- Sales of the Toyota RAV4 have fallen almost 36 percent so far this year.
- Factory retooling measures and production cuts have hurt the popular SUV.
- Total sales for Toyota are up 1.5 percent this year, but Lexus sales have dropped.
Plenty of Toyota models have posted exceptionally strong sales this year, the discontinued GR Supra among them, but the picture isn’t uniform across the range. The RAV4 stands out as the clear exception, though there’s a reasonable explanation for why it’s lagging.
Toyota pulled the covers off the all-new RAV4 a little over 12 months ago.

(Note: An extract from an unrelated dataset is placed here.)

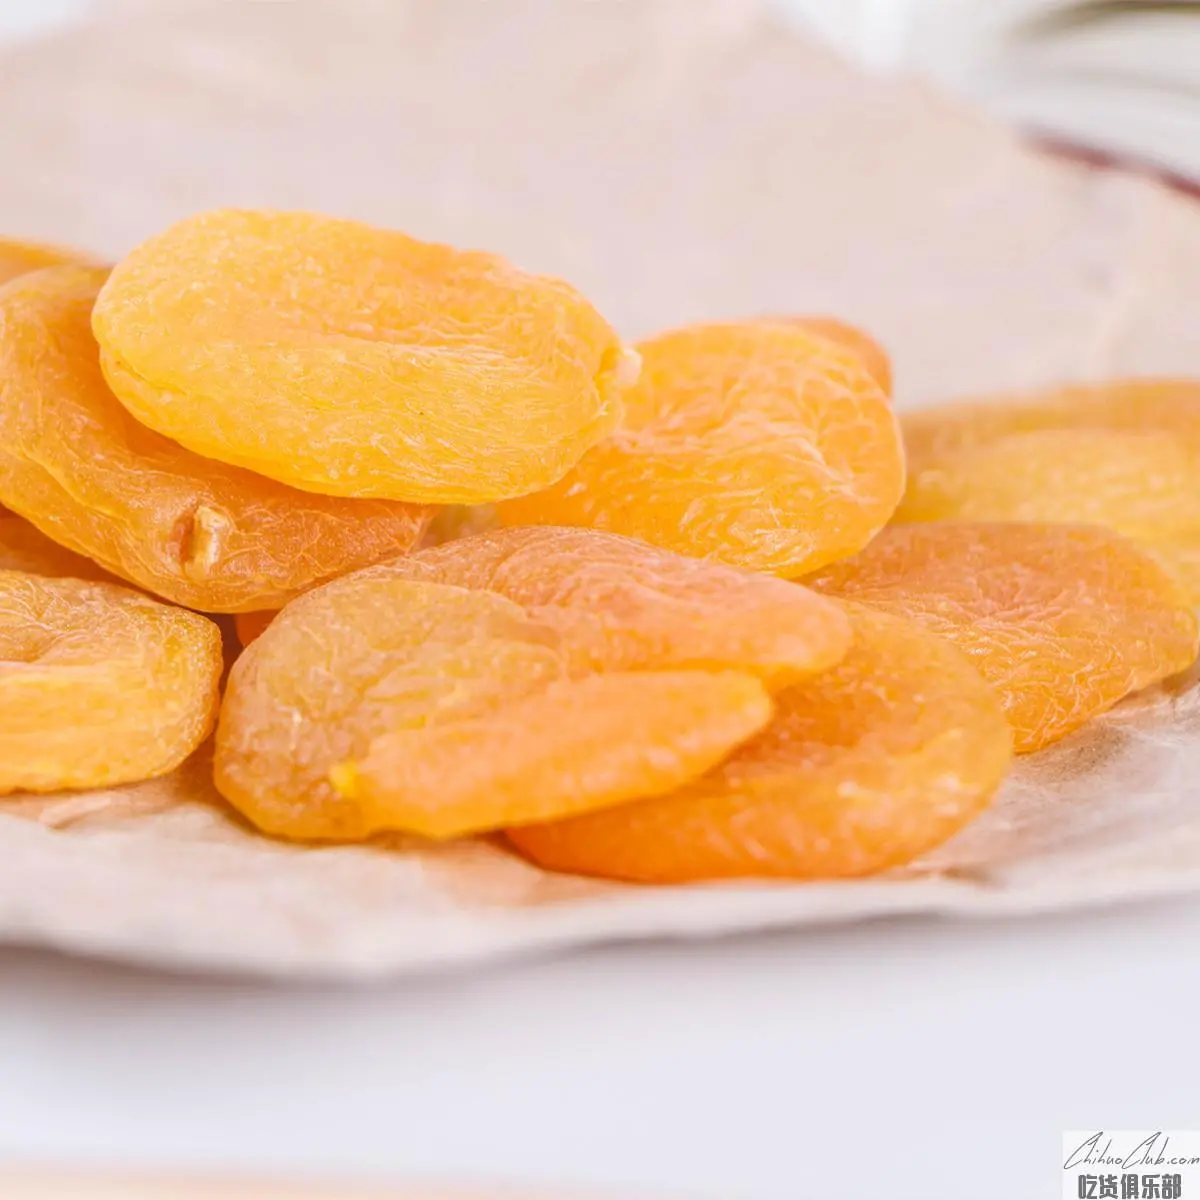 Ingeshas dried apricot

It remains the best-selling vehicle in the current lineup, yet sales have slid sharply this year, back when the outgoing model was still on lots.

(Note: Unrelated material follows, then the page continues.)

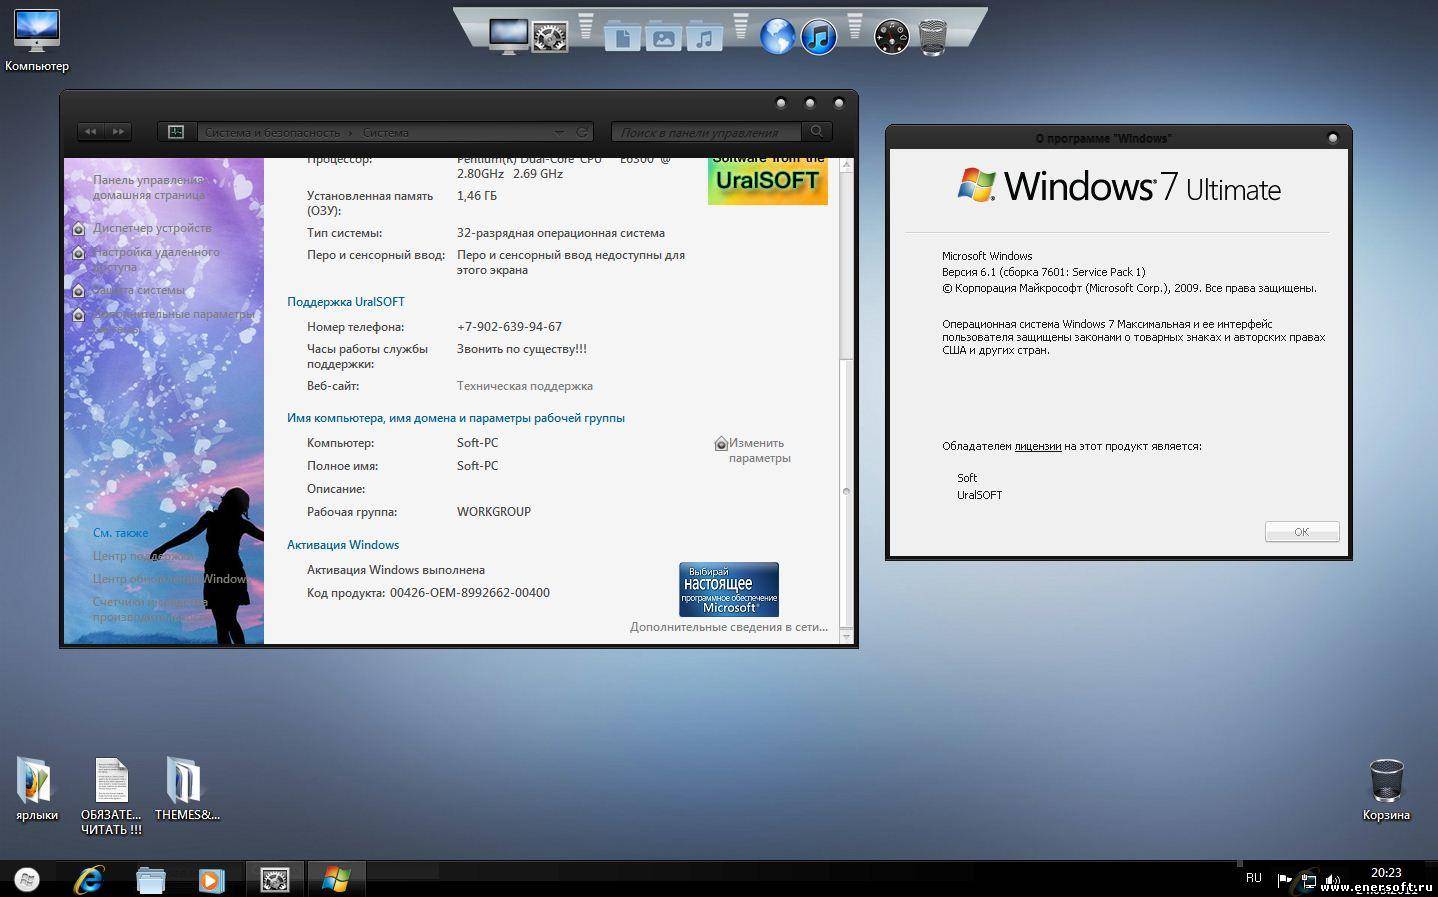 Активатор 7 сборка 7601. Windows 7 Ultimate. Windows 7 Ultimate URALSOFT. Виндовс 7 уралсофт 2011. Виндовс 7 уралсофт SP 1.

Read: Toyota Killed The GR Supra And Sales Jumped 72% This Year
Through the first six months of 2025, Toyota moved 239,451 RAV4s. This year, that number has fallen 35.7 percent to 153,955. June alone kept the slide going, with sales down 12.1 percent from 36,810 units to 32,350. What makes the decline unusual is that none of it can be traced to weak demand. Buyers still want it.

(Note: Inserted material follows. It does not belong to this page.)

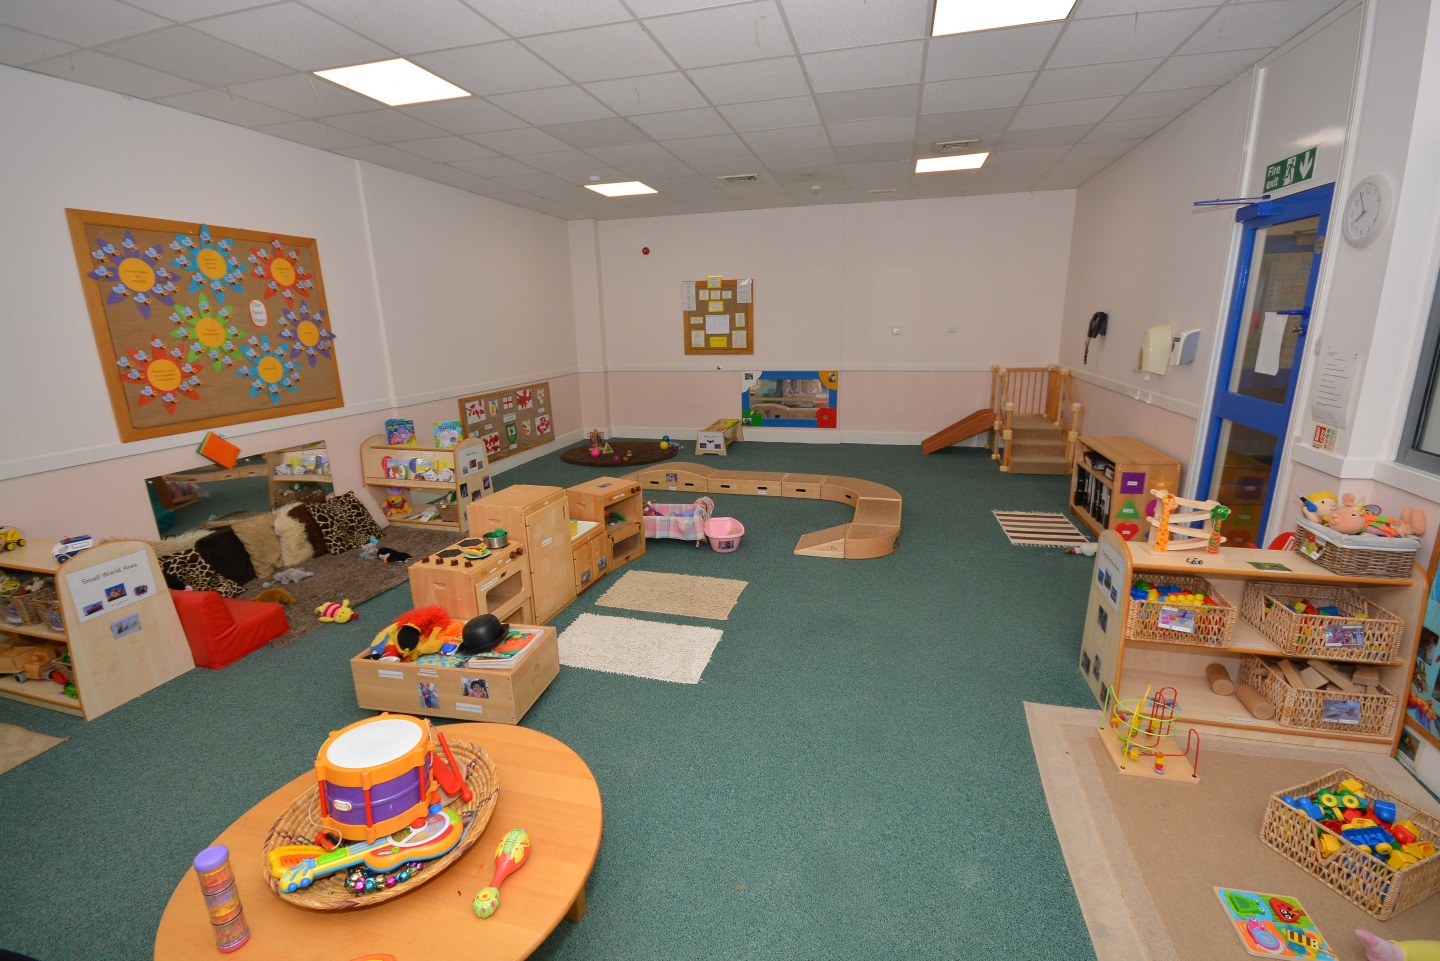 Bright Horizons Basildon Day Nursery and Preschool Basildon 01268 206269

The conflict in Iran and issues at the Strait of Hormuz have hurt Toyota. It recently revealed it will cut overseas production by roughly 100,000 units through February 2027, and those reductions, stacked on top of retooling delays for the changeover at the Kentucky plant that builds the RAV4, have already cost the company around 55,000 units in lost sales.
Staggered changeovers at plants in Japan and North America squeezed supply for months, even as hybrid production climbs at Georgetown, Kentucky. RAV4 output fell by roughly 86,400 units between January and May against the same period last year, according to AutoForecast Solutions data cited by Automotive News. With dealers scrambling to keep the SUV in stock, some are now counting their inventory in hours rather than days.
What About Other Toyota Models?
Toyota
Several other Toyota models have had rough starts to the year. For example, GR 86 sales are down 26.2 percent to 4,007 through the first half. Prius volume has collapsed 42.3 percent to 19,519 units, while the Land Cruiser sits 40 percent lower over the same stretch. Even with those weak spots, total Toyota brand sales in the US are up 1.5 percent in the first half of the year and 11.2 percent in June.
The Lexus brand is struggling, however. Its sales through the first half were down 5.2 percent, though they jumped 3.9 percent in June. The half-year decline came mostly from a 70.6 percent fall in RC sales, a 79.7 percent drop for the ES, a 78.9 percent tumble for the LS, and 12.8 percent fewer LC models finding new homes. The only model to buck the trend was the IS, up 42.7 percent this year to 14,071.